What you are asked to do -> Retype word for word the stretch of entries below from the line that has "coperchio per cottura" through the line that has "1e5953653ba4 Supreme Louis", and omit the pictures.

Provided entries ->
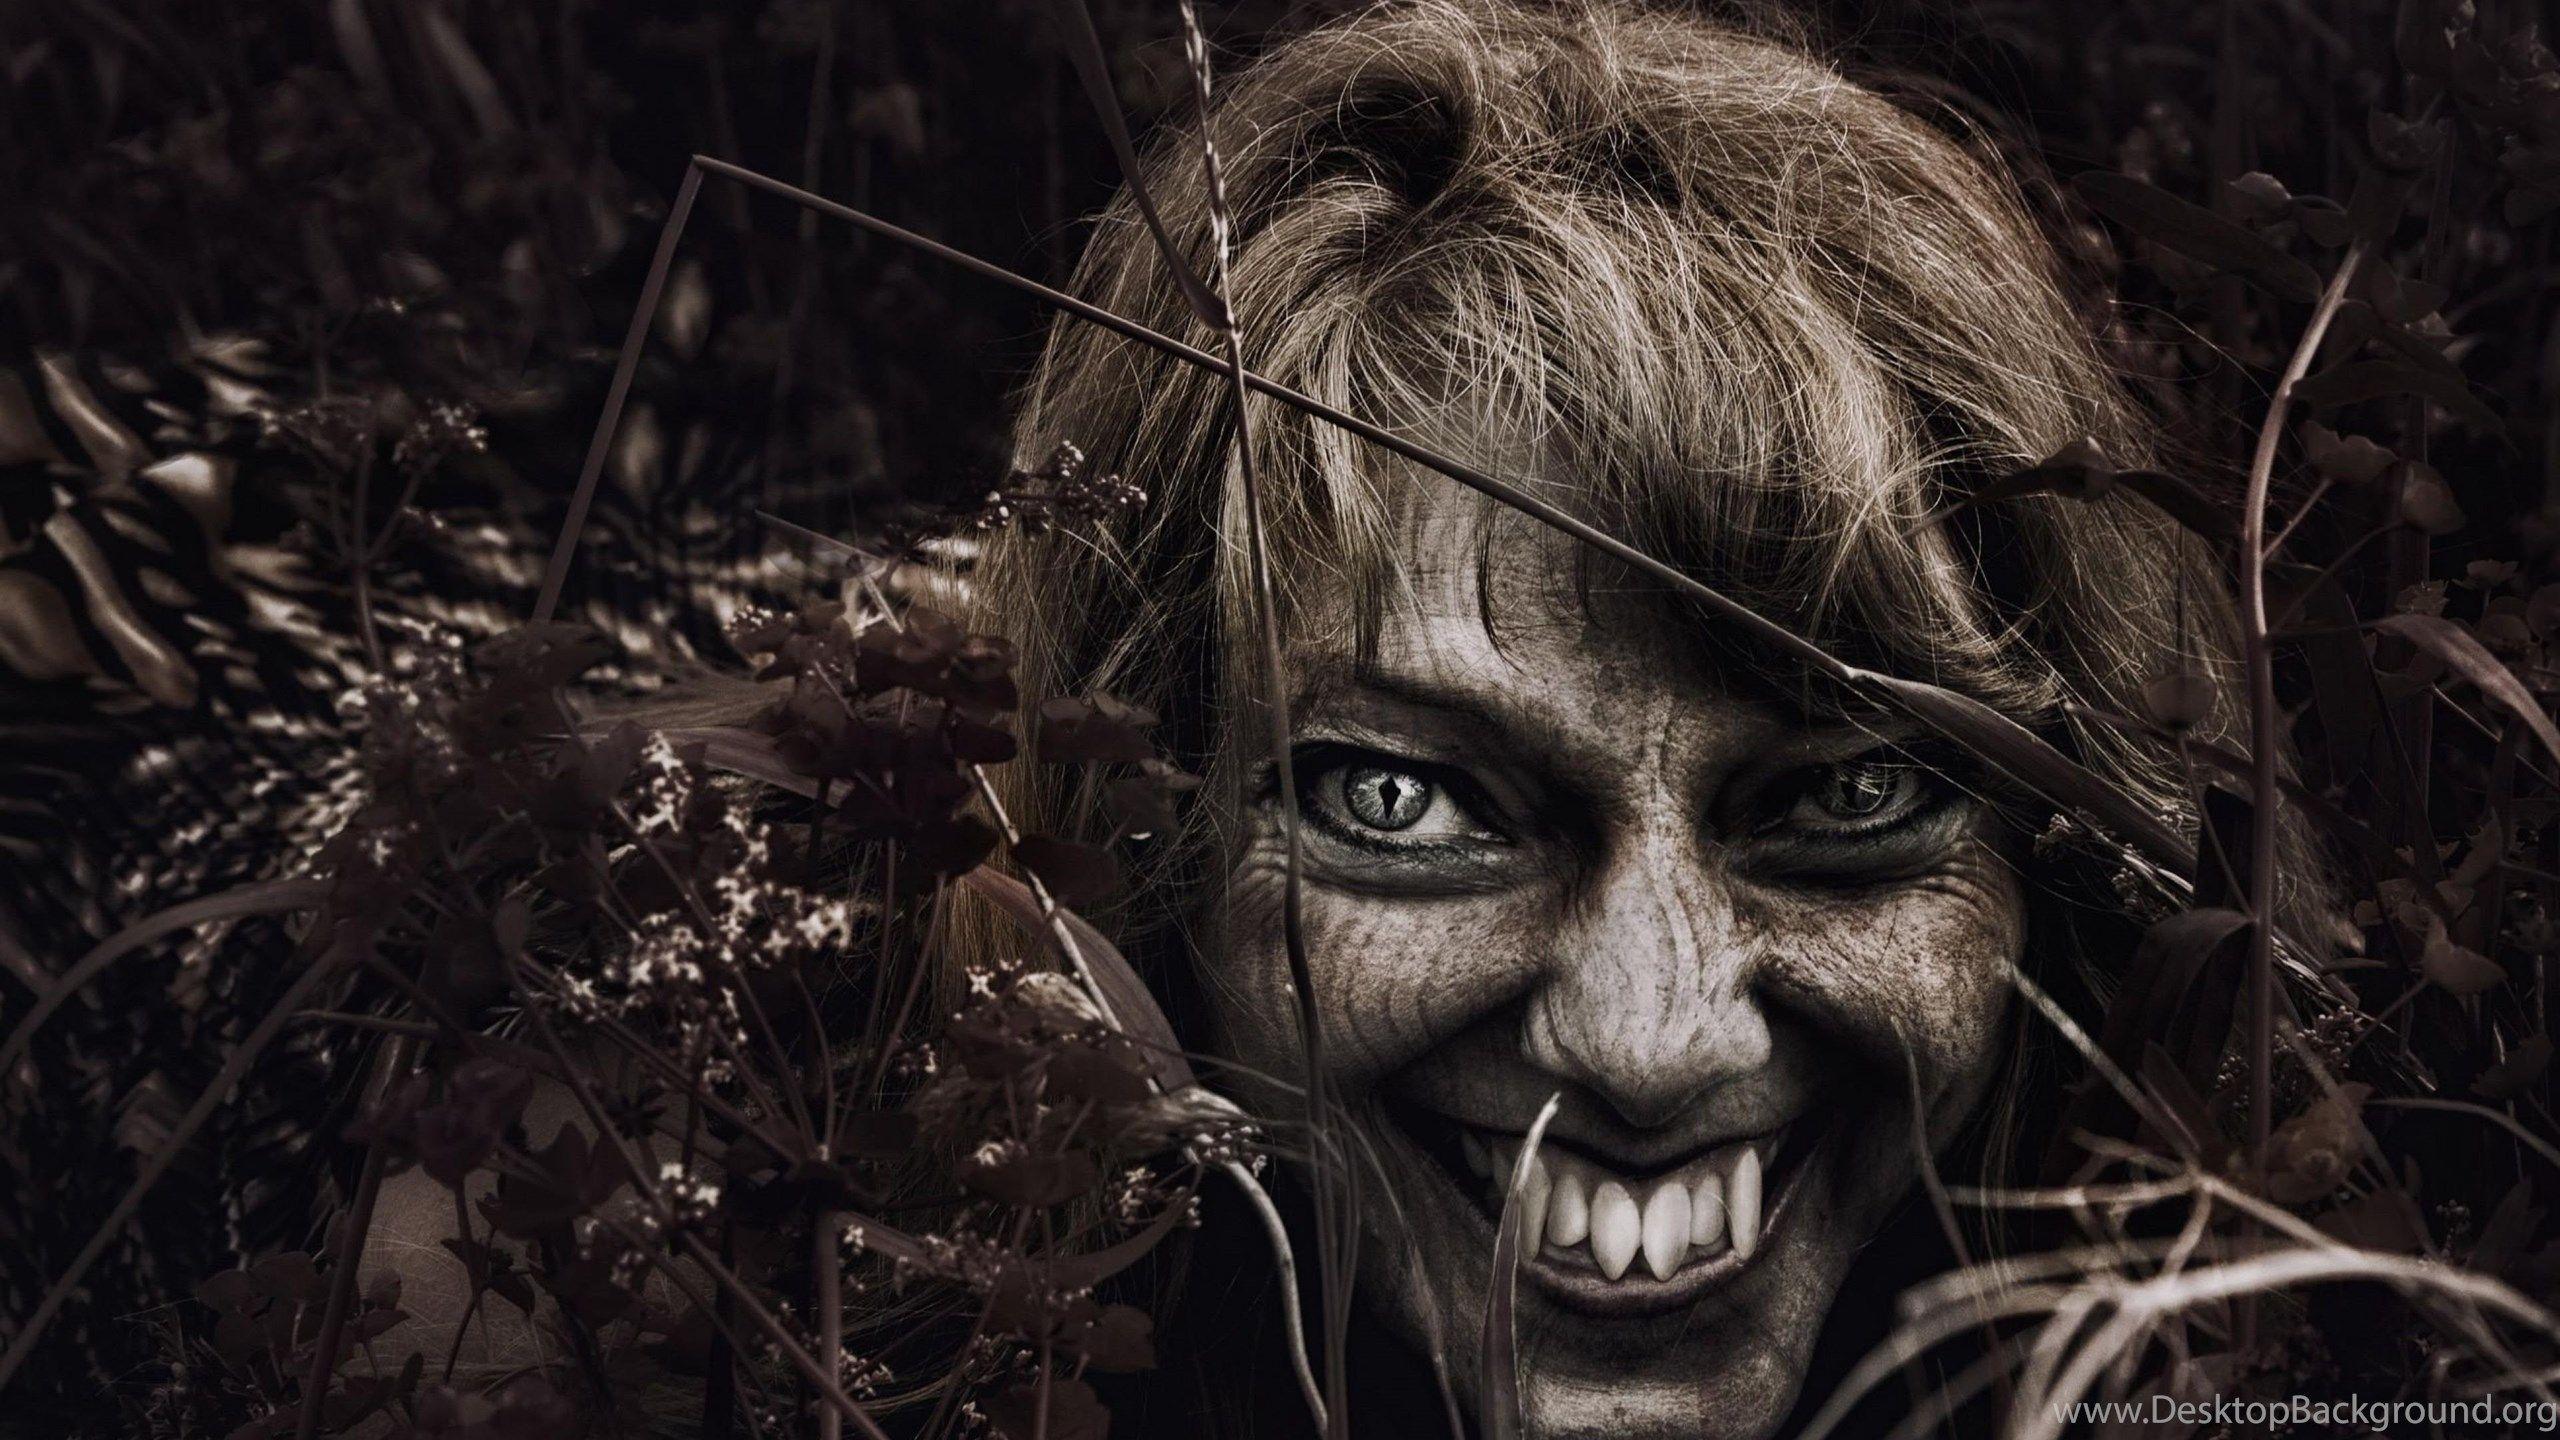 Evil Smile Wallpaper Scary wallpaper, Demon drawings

...

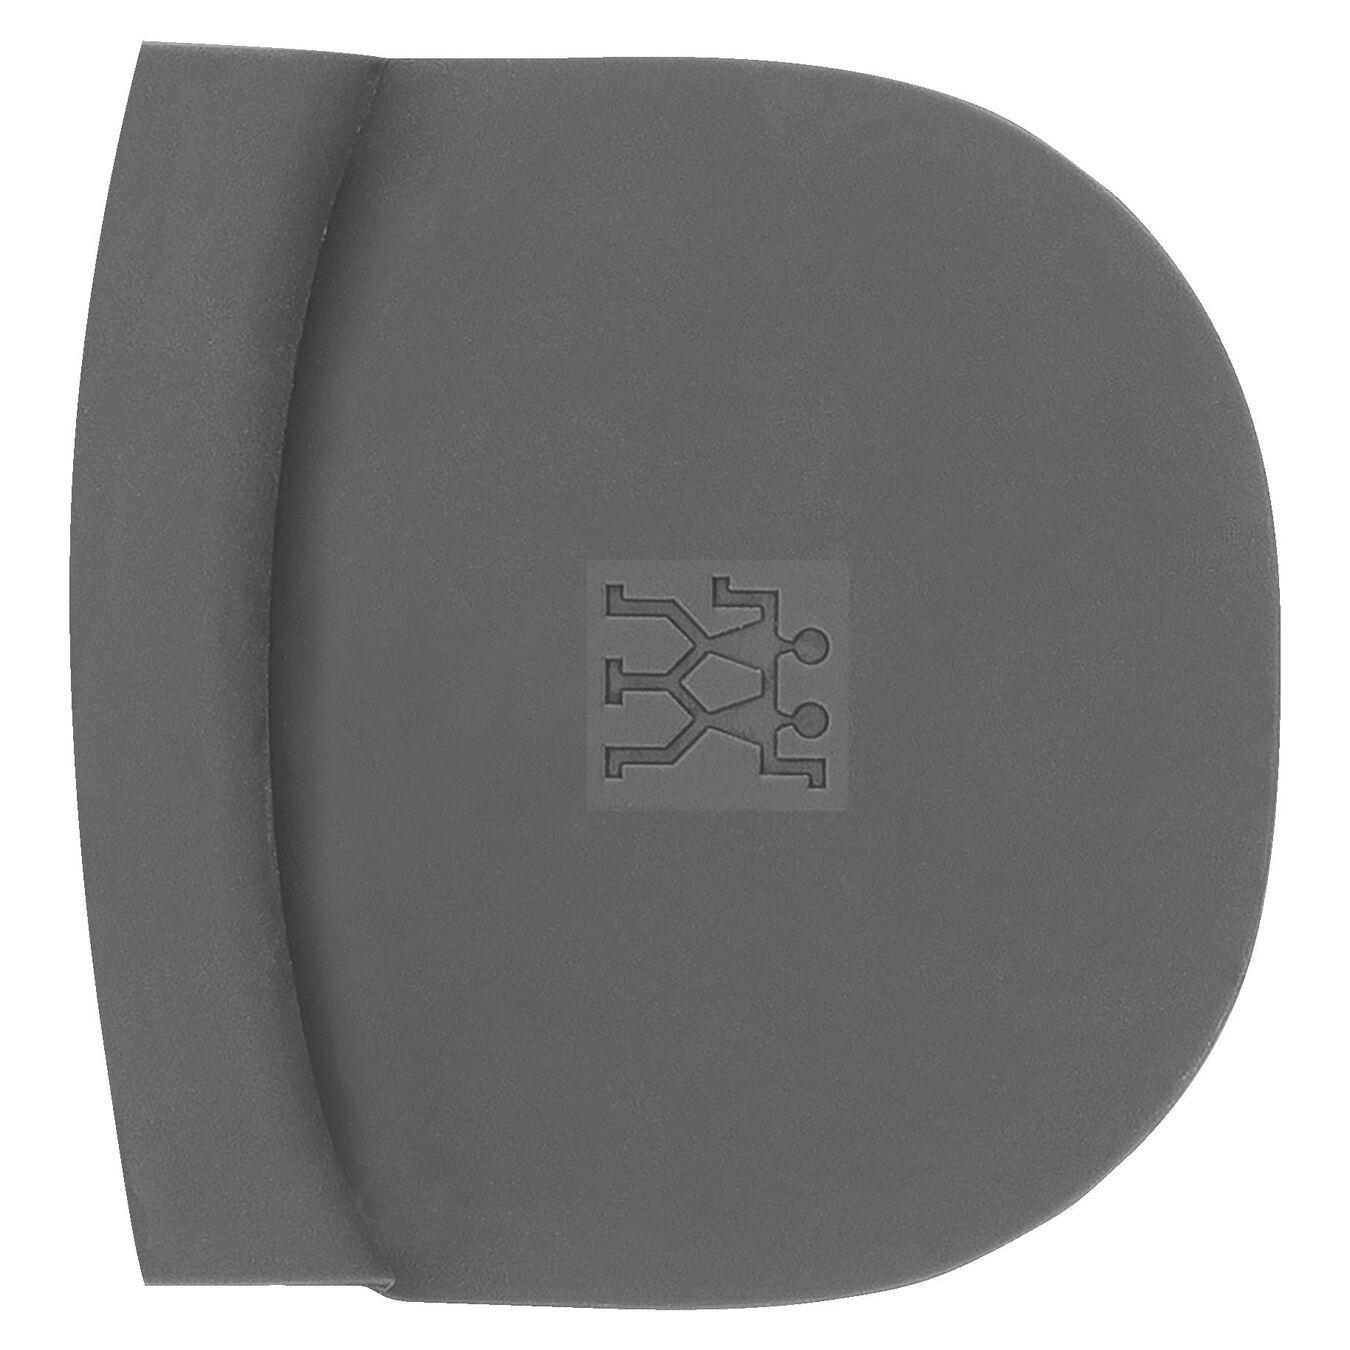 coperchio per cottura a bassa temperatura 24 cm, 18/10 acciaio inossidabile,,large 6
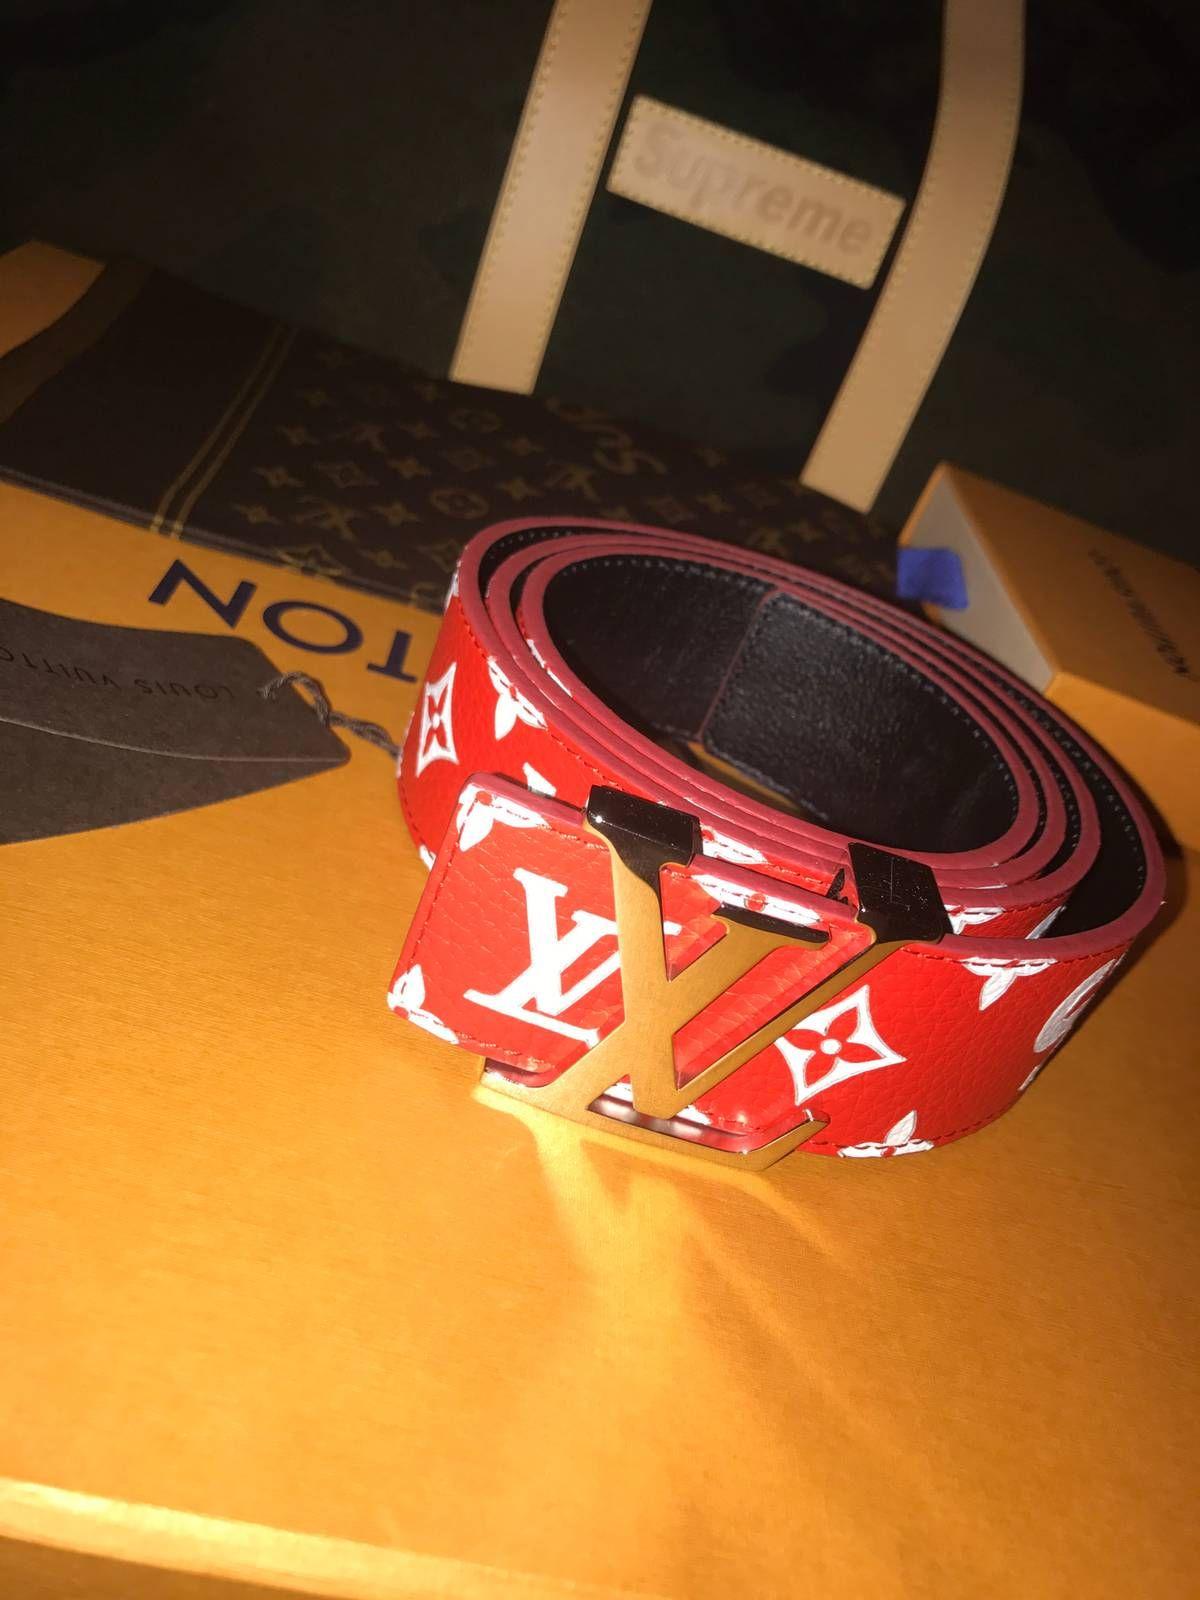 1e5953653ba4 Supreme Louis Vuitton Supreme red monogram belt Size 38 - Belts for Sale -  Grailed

Expected output ->
 coperchio per cottura a bassa temperatura 24 cm, 18/10 acciaio inossidabile,,large 6
 1e5953653ba4 Supreme Louis Vuitton Supreme red monogram belt Size 38 - Belts for Sale -  Grailed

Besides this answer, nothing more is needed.